La luz transforma cualquier estancia. Integrar iluminación decorativa y funcional en el salón no solo embellece, también mejora el confort y la manera de vivir el espacio. Desde el primer momento, conviene planificar la iluminación decorativa junto a la distribución de sofás y muebles para evitar sombras y deslumbramientos.
Empieza por la capa general. Un techo con focos empotrados o carriles discretos reparte la luz de forma homogénea. Regúlala con dimmers para adaptar la intensidad a cada momento. Después, suma la iluminación decorativa con lámparas colgantes sobre la mesa de centro o el comedor: crean puntos de interés y ayudan a zonificar sin tabiques.

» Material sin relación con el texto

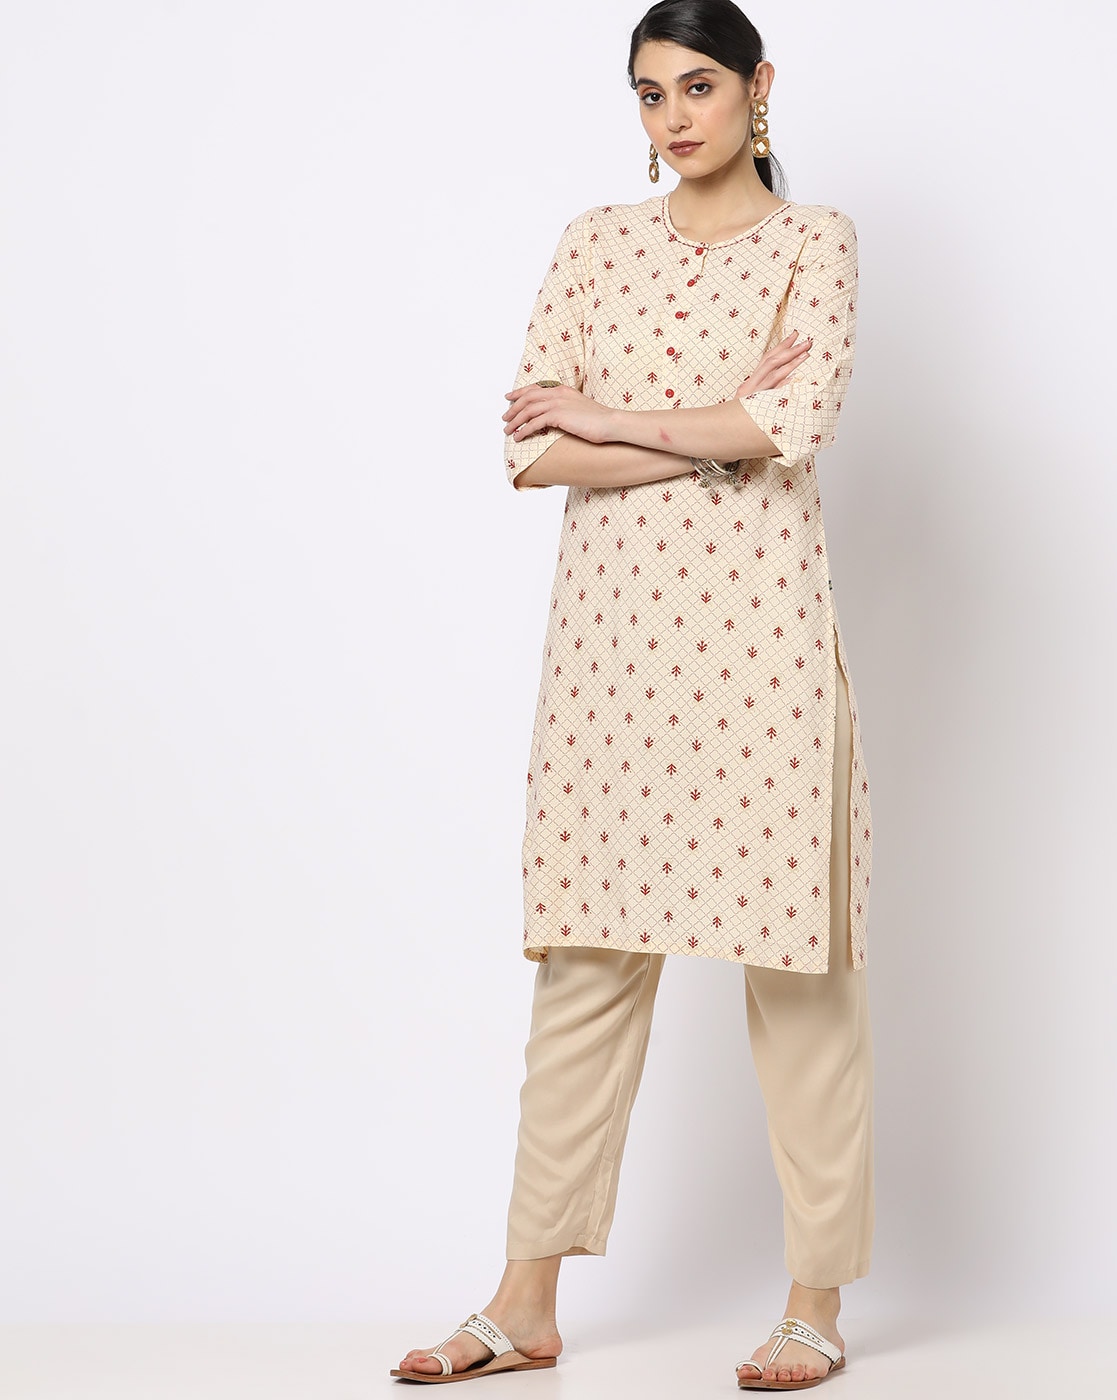 Buy Cream Leggings for Women by AVAASA MIX N' MATCH Online

Añade luz de tarea. En rincones de lectura o trabajo, una lámpara de pie orientable o un aplique articulado aporta precisión y evita fatiga visual. Para realzar la estantería, utiliza tiras LED continuas en baldas o trasera: es una iluminación decorativa que subraya texturas y objetos especiales.
Realza paredes y arte. Los bañadores de pared y focos dirigidos sobre cuadros o láminas añaden profundidad. Si tienes un mueble de televisión, integra una luz perimetral cálida para reducir el contraste con la pantalla. Esta iluminación decorativa hace el visionado más agradable y elegante.
Cuida las temperaturas de color. En salones, la luz cálida (2700–3000 K) crea atmósferas acogedoras. Mezcla luminarias con CRI alto para respetar los colores reales de textiles y madera. Los controles inteligentes (escenas en un clic) te permiten pasar de “lectura” a “cine” o “reunión” sin complicaciones.
Por último, elige luminarias con carácter: piezas escultóricas, pantallas textiles o acabados metálicos que dialoguen con el interiorismo. Así, la iluminación decorativa deja de ser un accesorio y se convierte en parte del diseño.